2017-12-20 20:06:20.026709: Step 990: Cross entropy = 0.301570
2017-12-20 20:06:20.089091: Step 990: Validation accuracy = 85.0%
2017-12-20 20:13:18.808711: Step 999: Train accuracy = 100.0%
2017-12-20 20:13:18.808775: Step 999: Cross entropy = 0.294399
2017-12-20 20:13:18.875108: Step 999: Validation accuracy = 88.0%

But again, the network is probably overfitted after 1000 steps and certainly with a training accuracy of 100% but validation of 'only' 86%.

reinzor commented 6 years ago

Can you check on the separate validation set?

-Rein

On Wed, Dec 20, 2017 at 8:18 PM, Loy notifications@github.com wrote:

When running rosrun tensorflow_ros retrain ~/MEGA/data/robotics_testlabs/training_data_Josja/training /tmp/inception ~/MEGA/data/robotics_testlabs/training_data_Josja/AugmentationTest/Flip/ --batch=100 --steps=1000 --flip_left_right=10:

![screenshot from 2017-12-20 20-16-41](https://user-images. githubusercontent.com/709259/34224318-c502298c-e5c2-11e7- 8394-bd77e2c6fc37.png

2017-12-20 20:06:20.026709: Step 990: Cross entropy = 0.301570 2017-12-20 20:06:20.089091: Step 990: Validation accuracy = 85.0% 2017-12-20 20:13:18.808711: Step 999: Train accuracy = 100.0% 2017-12-20 20:13:18.808775: Step 999: Cross entropy = 0.294399 2017-12-20 20:13:18.875108: Step 999: Validation accuracy = 88.0%

But again, the network is probably overfitted after 1000 steps and certainly with a training accuracy of 100% but validation of 'only' 86%.
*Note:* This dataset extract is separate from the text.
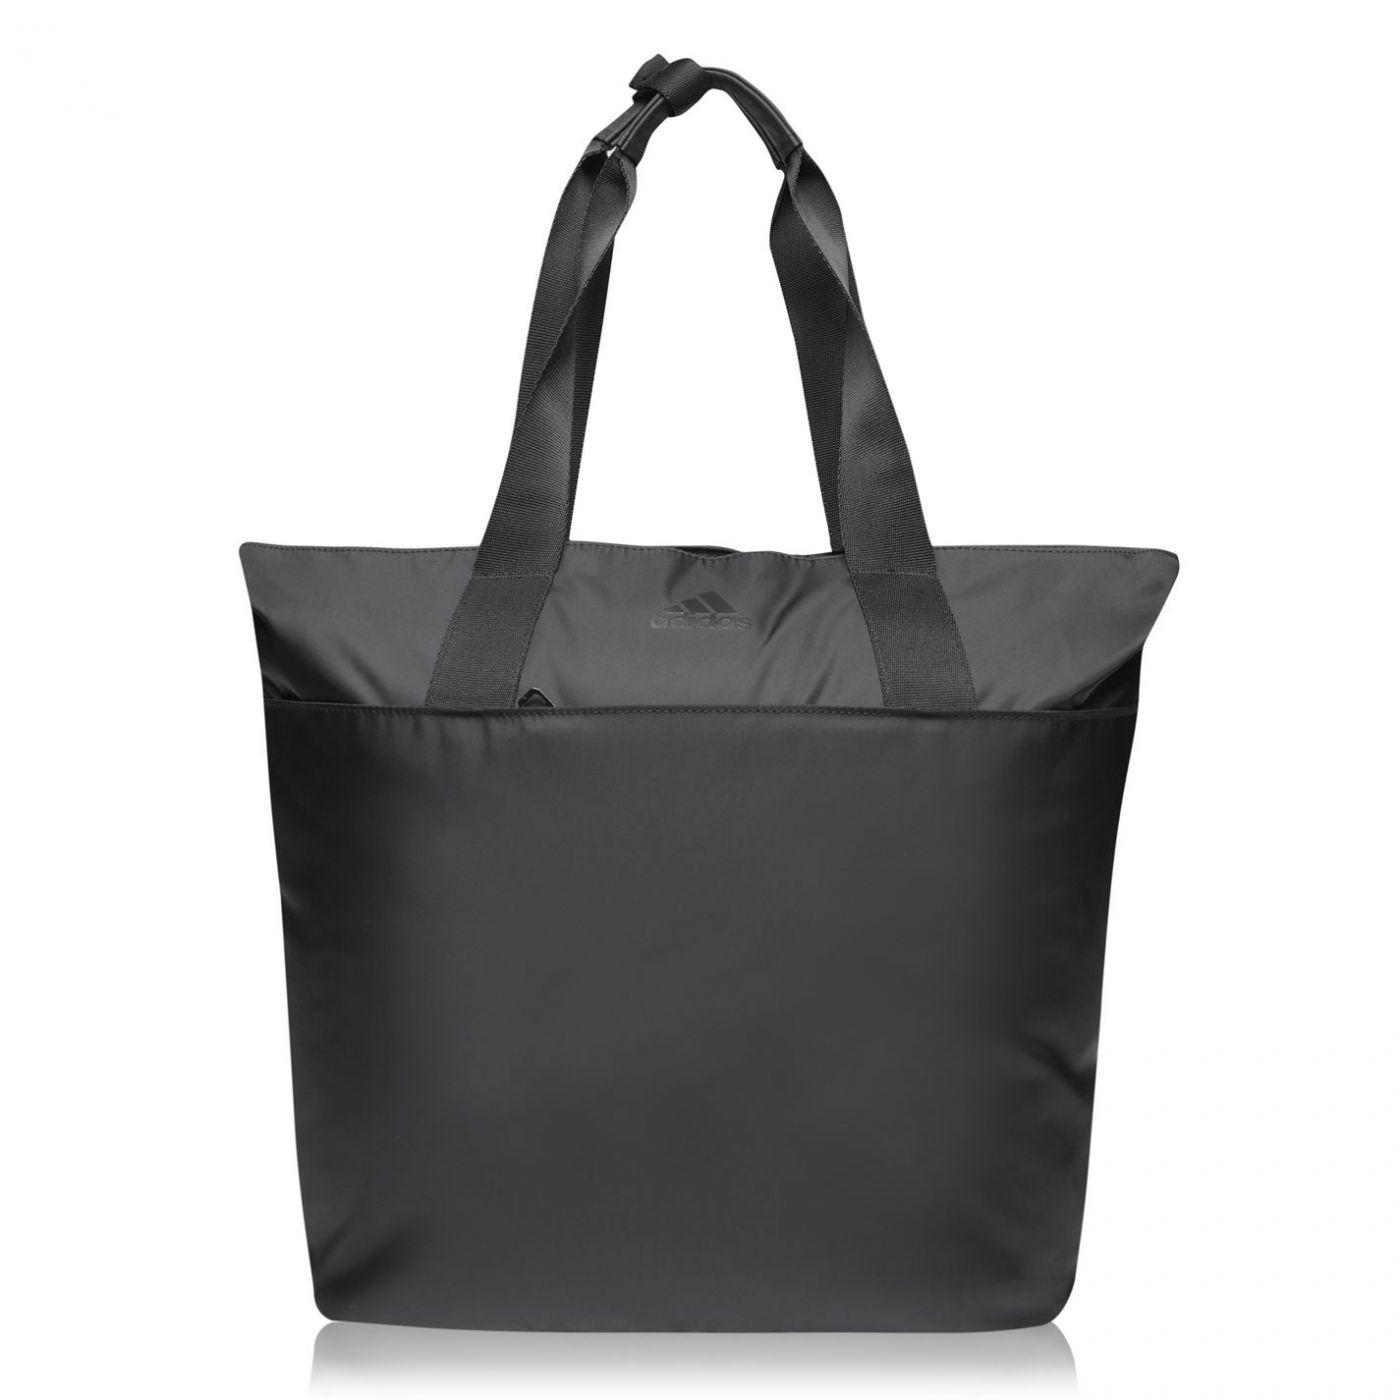 Adidas ID Tote Bag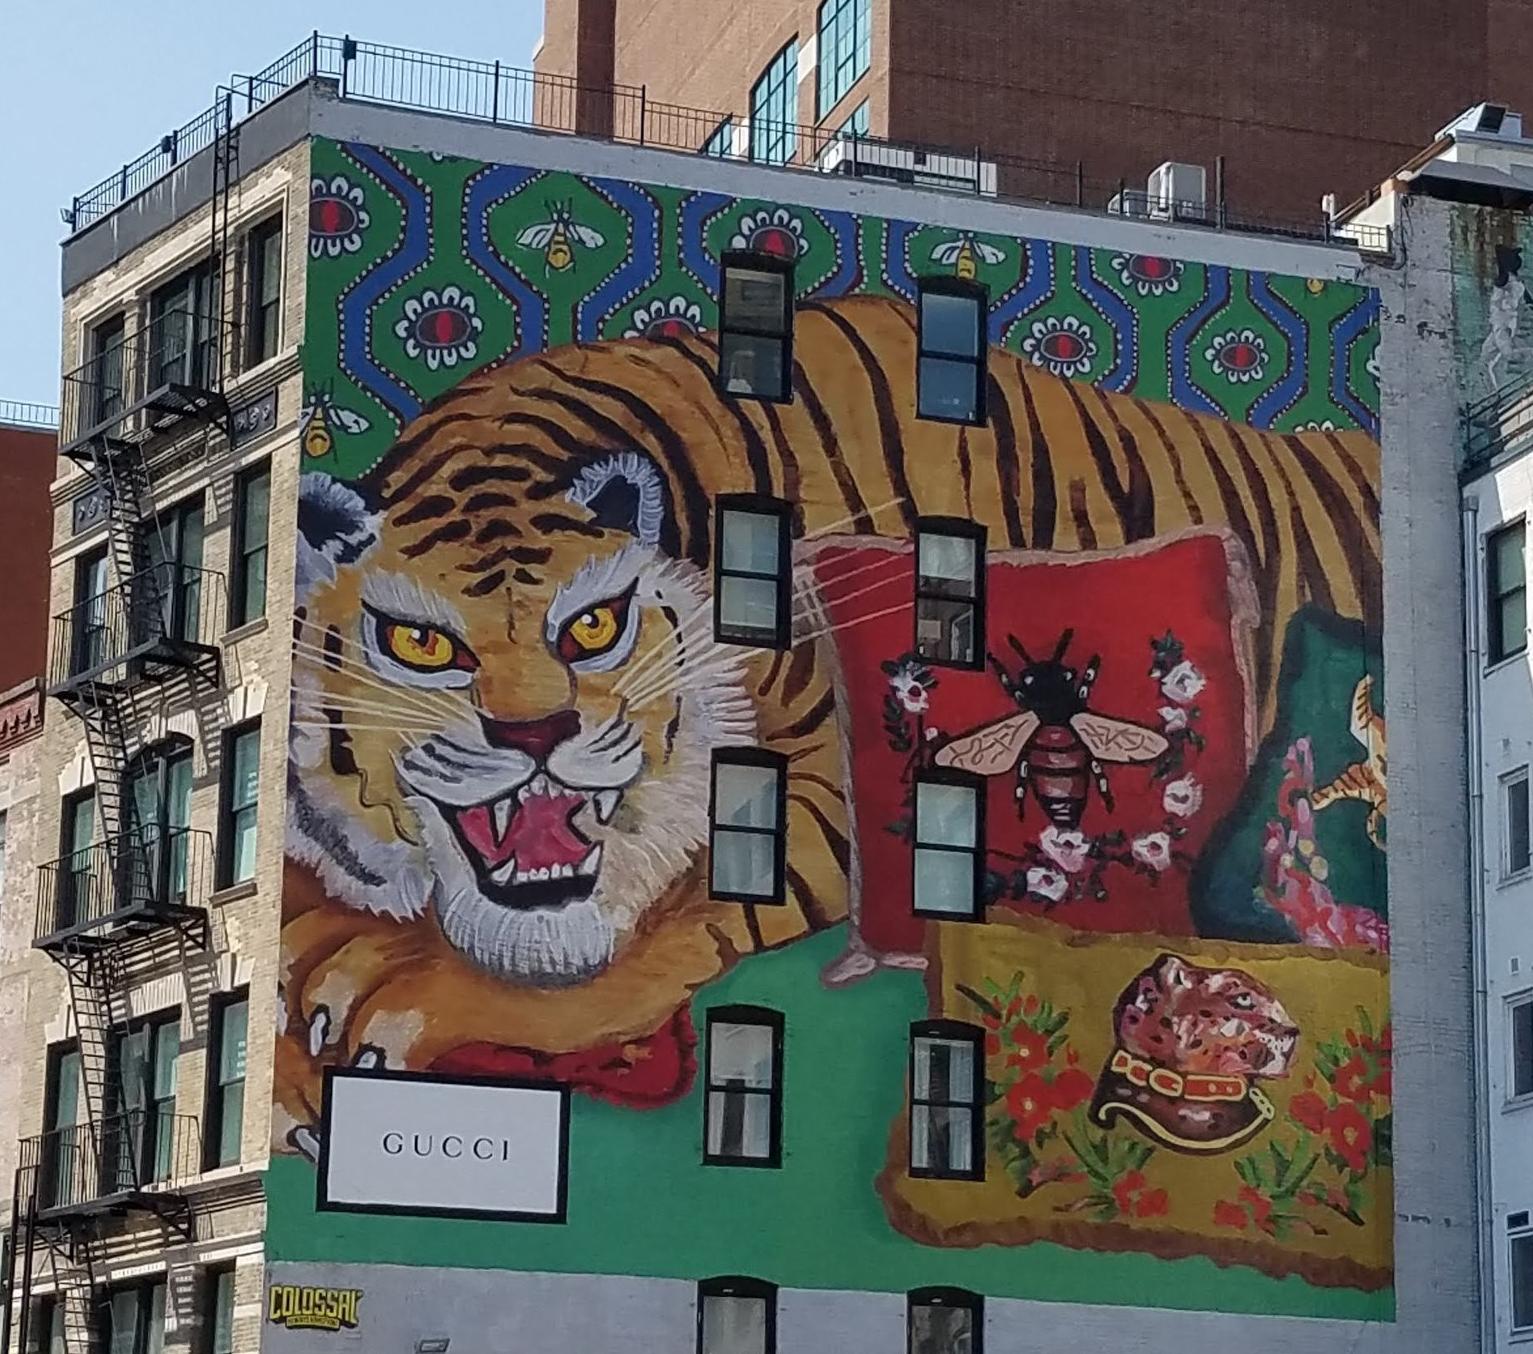 Mural in Soho, New York.

— You are receiving this because you were assigned. Reply to this email directly, view it on GitHub https://github.com/tue-robotics/tue_robocup/issues/502#issuecomment-353157199, or mute the thread https://github.com/notifications/unsubscribe-auth/AD-4l_1XtedzSoHpNAOmEvyeKOssKD0Oks5tCV17gaJpZM4QmT1l .

Rayman commented 6 years ago

TRAINING accuracy will always be 100% after enough steps.

LoyVanBeek commented 6 years ago

@MatthijsBurgh said he would run on the validation set. And yes, the network is likely to be overfitting.

MatthijsBurgh commented 6 years ago

rosrun tensorflow_ros retrain ~/MEGA/data/robotics_testlabs/training_data_Josja/training /tmp/inception ~/MEGA/data/robotics_testlabs/training_data_Josja/AugmentationTest/Flip250/ --batch=100 --steps=250 --flip_left_right=10 Result Final accuracy: 0.62443438914

rosrun tensorflow_ros retrain ~/MEGA/data/robotics_testlabs/training_data_Josja/training /tmp/inception ~/MEGA/data/robotics_testlabs/training_data_Josja/AugmentationTest/Crop250/ --random_crop=10 --batch=100 --steps=250 Result Final accuracy: 0.619909502262

rosrun tensorflow_ros retrain ~/MEGA/data/robotics_testlabs/training_data_Josja/training /tmp/inception ~/MEGA/data/robotics_testlabs/training_data_Josja/AugmentationTest/Scale/ --scale=10 --batch=100 --steps=1000 Result Final accuracy: 0.62443438914

rosrun tensorflow_ros retrain ~/MEGA/data/robotics_testlabs/training_data_Josja/training /tmp/inception ~/MEGA/data/robotics_testlabs/training_data_Josja/AugmentationTest/Scale250/ --batch=100 --steps=250 --random_scale=10 Result

LoyVanBeek commented 6 years ago

So it still sucks... :sob:

Rayman commented 6 years ago

Please don't put your batch size that high. Between 10 and 32 I think is good. I told this already a few times.

MatthijsBurgh commented 6 years ago

A lot of testing has been done, but no significant improvements have been shown.